Next was the Cockatoo room. Another 100% caged environment. Stink, those birds are L-O-U-D. As we made our way down the walkway, we met a Cockatoo. I’m serious. We literally MET him. He said, “Hi” or “Hello” to each one of us, and stuck out his talons to be shaken. Despite Colin’s fear that the bird would actually pull him through the fence and attack him, he still was courteous and shook the Cockatoo’s talon. Since most of these birds have been trained pets, many could talk. The kids LOVED that.




Just as my heart rate was returning to normal, and I was really starting to enjoy myself, we got to….



The “Amazon and Africa” House.



We walked through the door into utter mayhem. There were birds flying EV-RY-WHERE. And not just little ones…majestic Macaws and cranky Cockatoos. Eclectus parrots, and African Greys.



I felt like I was in a horror movie! I couldn’t turn my back on anything because there was feathered evil planning my demise at all angles! They’d fly so close to my head that I could feel the wind of their wings on my ears! I walked past these Macaws, who watched me, close enough to peck out my eyeballs.

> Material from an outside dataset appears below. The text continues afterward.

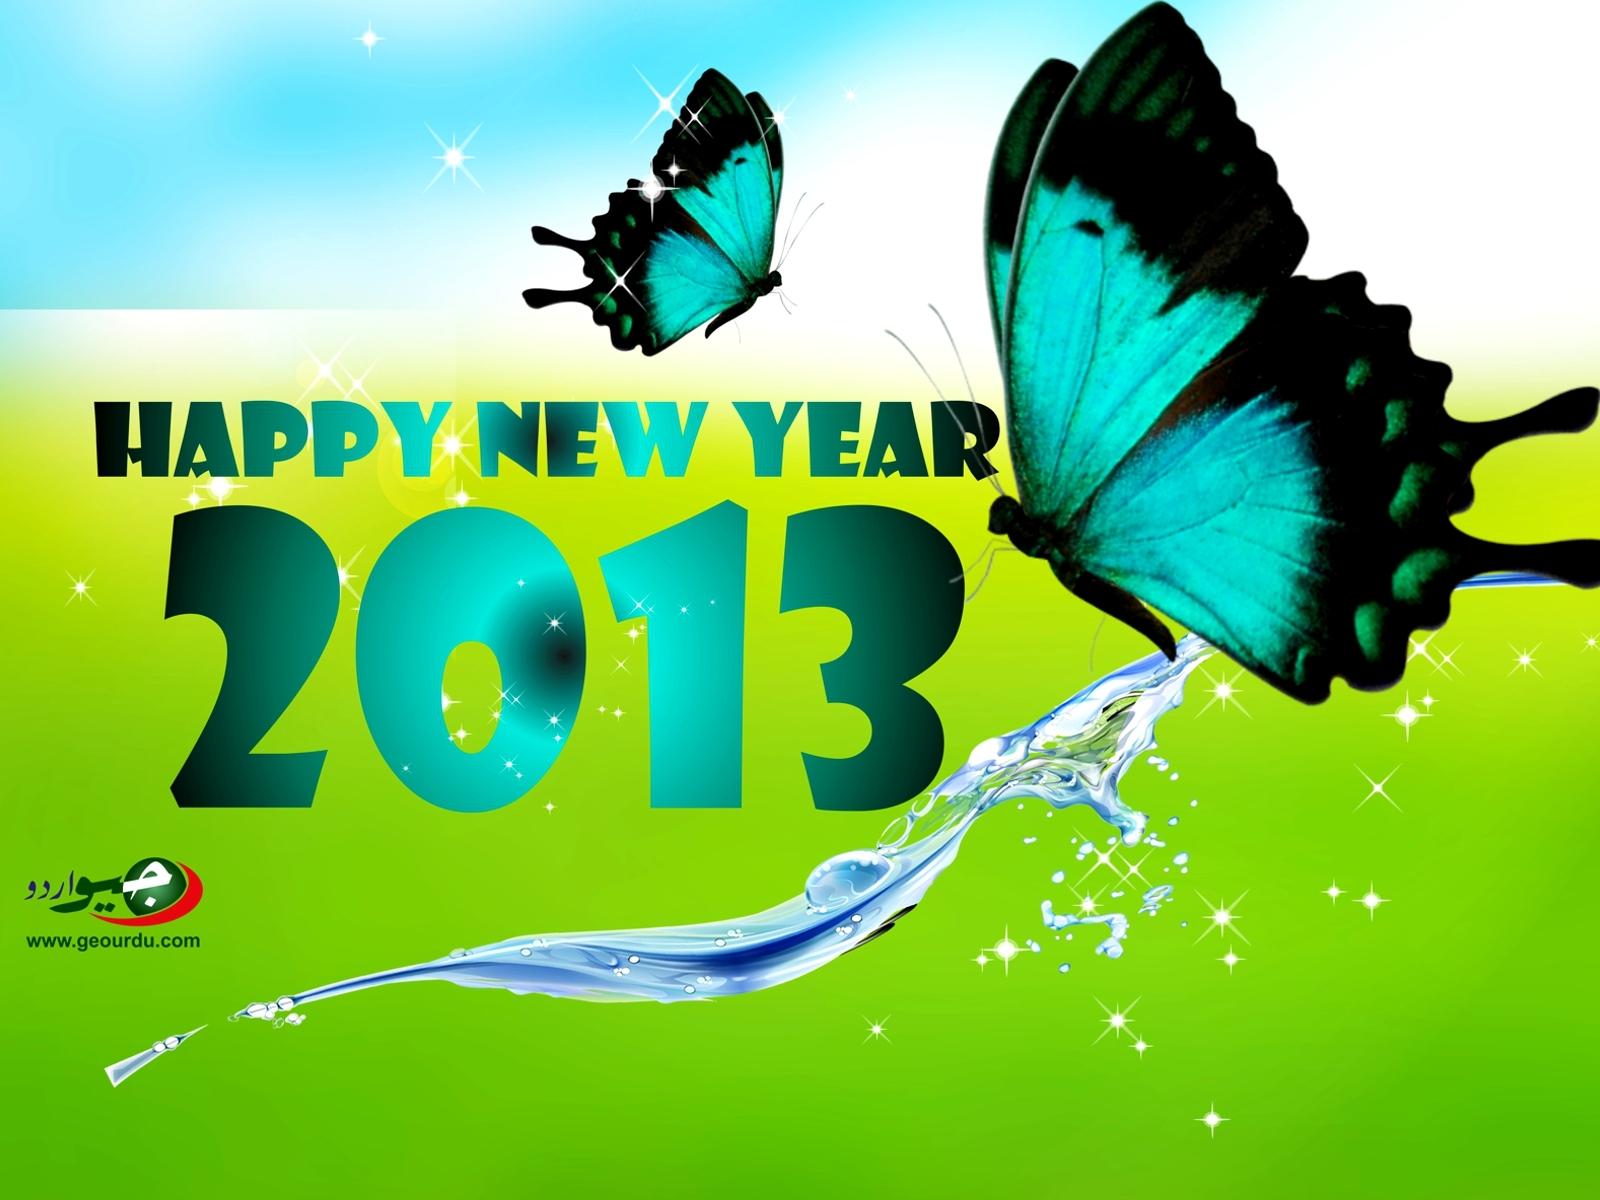 http://3.bp.blogspot.com/-G0uZMYqNnQk/UM7B-TmZ8yI/AAAAAAAA78I/CicXX1Nu778/s1600/hinh+nen+do+phan+giai+cao+2013+%282%29.jpg

Then one took a swipe at my phone! AHHH SAVE ME!!!





We weren’t in there very long when the first parrot flew up to Colin and landed on his shoulder. Let's name this one "Nice". The two of them formed quite a bond in the next 30 minutes or so. I’m not sure why Colin was the preferred perch. Possibly because he was wearing all brown and is tall and thin (think: tree)? Perhaps he is a pirate? Whatever the case, bird after bird kept landing on his shoulders and arms, sometimes in pairs!

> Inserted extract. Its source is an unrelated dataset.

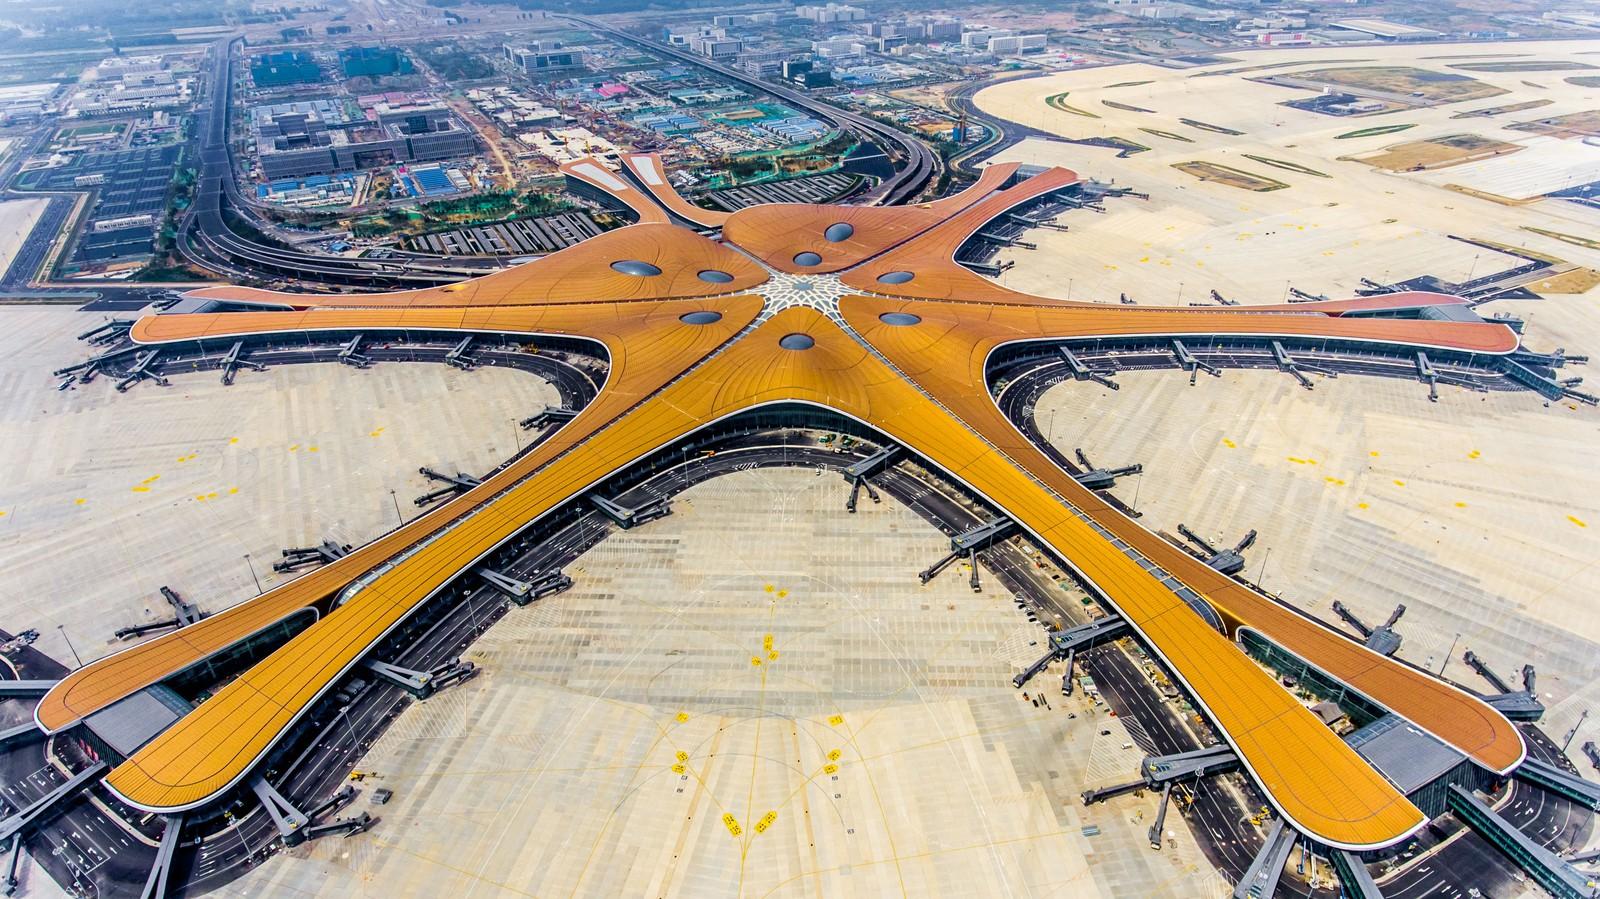 Aeroporto Internacional de Pequim

The kids and I thought it was a hoot. Most of the time, Colin did too. I knew already that he is an animal whisperer, I just didn’t know he is also a bird whisperer (although if you whisper anything in that room…nothin’s hearing ya).

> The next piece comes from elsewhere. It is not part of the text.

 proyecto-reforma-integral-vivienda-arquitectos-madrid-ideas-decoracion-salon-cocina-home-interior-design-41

He even had some quality time with Psycockatoo:





We went into another section of the room with a table of food. The birds help themselves. Nice followed him and sat on his shoulder. Colin kept giving food to Nice, but it would fling it to the side every time.



Psycockatoo also followed. On foot. Which is almost more creepy than flying. I mean, he’s got wings and he can fly. But he’s so nonchalant and confident that he can get you even without rushing. Like the killers in the movies who walk after their victims.



I took my eyes off of Psycockatoo to take photos and videos of the kids. Suddenly, I look beside me and see him:




…right beside my head… ready to eat my ear.



What happened next, all took place in about 15 seconds. A bird landed on Nathan and he handled it well. I’m frantically trying to switch my iPhone from video to photo setting when out of nowhere…a parrot lands on MY shoulder! I freak out instantly. It’s akin to a spider landing in your lap. A snake in your toilet when you lift the lid. A rat in your bed when you pull down the sheets.



Colin got the phone and tried to take a photo of what he called an “epic” facial expression (instead of scaring the feathered beast off of me). Alas, the phone was full.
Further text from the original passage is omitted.